344b0e78-fc78-45f0-a0db-3069a4f4db45 commented 3 years ago

urlparse mishandles certain uses of extra slash or backslash(such as https:/// , https:/, https:) and interprets the URI as a relative path.

A userland logic implementation that bases its decision on the urlparse() function may introduce a security vulnerability due to the unexpected returned values of the function. These vulnerabilities may manifest as an SSRF, Open Redirect, and other types of vulnerabilities related to incorrectly trusting a URL.

from urllib.parse import urlparse
url1=urlparse('https://www.attacker.com/a/b')
url2=urlparse('https:///www.attacker.com/a/b')
url3=urlparse('https:/www.attacker.com/a/b')
url4=urlparse('https:\www.attacker.com/a/b')
print("Normal behaviour: HOSTNAME should be in netloc\n")
print(url1)
print("\nMishandling hostname and returning it as path\n")
print(url2)
print(url3)
print(url4)

OUTPUT:

Normal behaviour: HOSTNAME should be in netloc

ParseResult(scheme='https', netloc='www.attacker.com', path='/a/b', params='', query='', fragment='')

Mishandling hostname and returning it as path

ParseResult(scheme='https', netloc='', path='/www.attacker.com/a/b', params='', query='', fragment='')
ParseResult(scheme='https', netloc='', path='/www.attacker.com/a/b', params='', query='', fragment='')
ParseResult(scheme='https', netloc='', path='\\www.attacker.com/a/b', params='', query='', fragment='')

11f658f1-2e5a-4a63-890b-e5942ace6e73 commented 3 years ago

I don't know if urlparse is actually "mishandling" these URLs.

Looking over RFC 1808 (https://datatracker.ietf.org/doc/html/rfc1808.html) the BNF (https://datatracker.ietf.org/doc/html/rfc1808.html#section-2.2) seems to support what urlparse is reporting, at least for the first two examples.

I'll try to break down each scenario. Maybe you can help me understand what you expect it to report?

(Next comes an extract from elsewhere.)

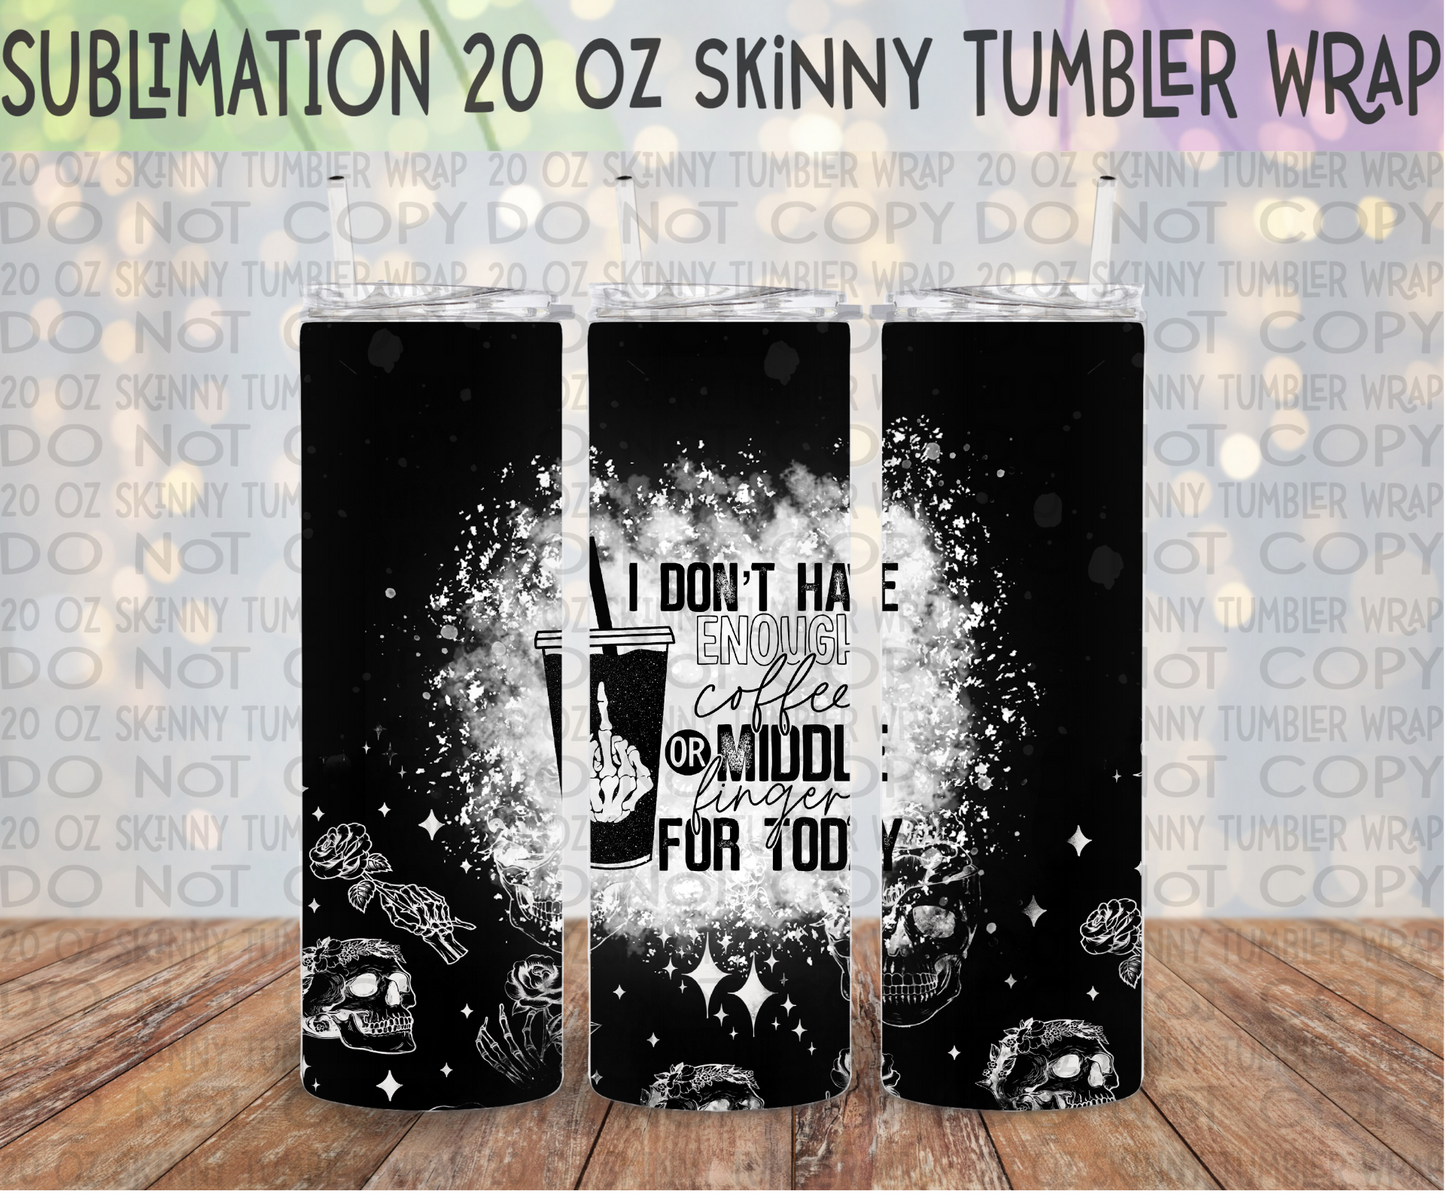 I Don't Have Enough Coffee or Middle Fingers for Today 20 Oz Skinny Tumbler Wrap - Sublimation Transfer - RTS

https : // /www.attacker.com ^ ^ ^ scheme Net loc Not a valid
Delimeter netloc character, but is a valid abs_path beginning (according to the spec net_loc is allowed to be empty)

https : /www.attacker.com/a/b ^ ^ scheme valid abs_path

https : \ www.attacker.com/a/b ^ ^ scheme This isn't actually matched anywhere in the BNF, so if anything maybe a value error should have been raised?

344b0e78-fc78-45f0-a0db-3069a4f4db45 commented 3 years ago

Some other examples to test this behaviour: urlparse('https:/\/\/\www.attacker.com/a/b') urlparse('https:/\www.attacker.com/a/b')

## Comparing it to other languages/runtimes

How do other languages and their runtimes work with URL parsing functions?

Here's Node.js, also showing that it is missing the host and hostname, with a similar behavior to the currently reported "buggy" python urlparse() one:

node
>require("url").parse("https:/\/\/\www.attacker.com/a/b");

Will return

Url {
  protocol: 'https:',
  slashes: true,
  auth: null,
  host: '',
  port: null,
  hostname: '',
  hash: null,
  search: null,
  query: null,
  pathname: '/www.attacker.com/a/b',
  path: '/www.attacker.com/a/b',
  href: 'https:///www.attacker.com/a/b'
}

But it is already documented that using Node.js url.parse can lead to security issues: https://nodejs.org/dist/latest-v16.x/docs/api/url.html#url_url_parse_urlstring_parsequerystring_slashesdenotehost Use of the legacy url.parse() method is discouraged. Users should use the WHATWG URL API. Because the url.parse() method uses a lenient, non-standard algorithm for parsing URL strings, security issues can be introduced. Specifically, issues with host name spoofing and incorrect handling of usernames and passwords have been identified.

Here's Ruby, also showing that it is missing the host and hostname, with a similar behavior to the currently reported "buggy" python urlparse() one:

irb(main):001:0> require 'uri'
=> false
irb(main):002:0> uri = URI.parse('https:/www.attacker.com/a/b')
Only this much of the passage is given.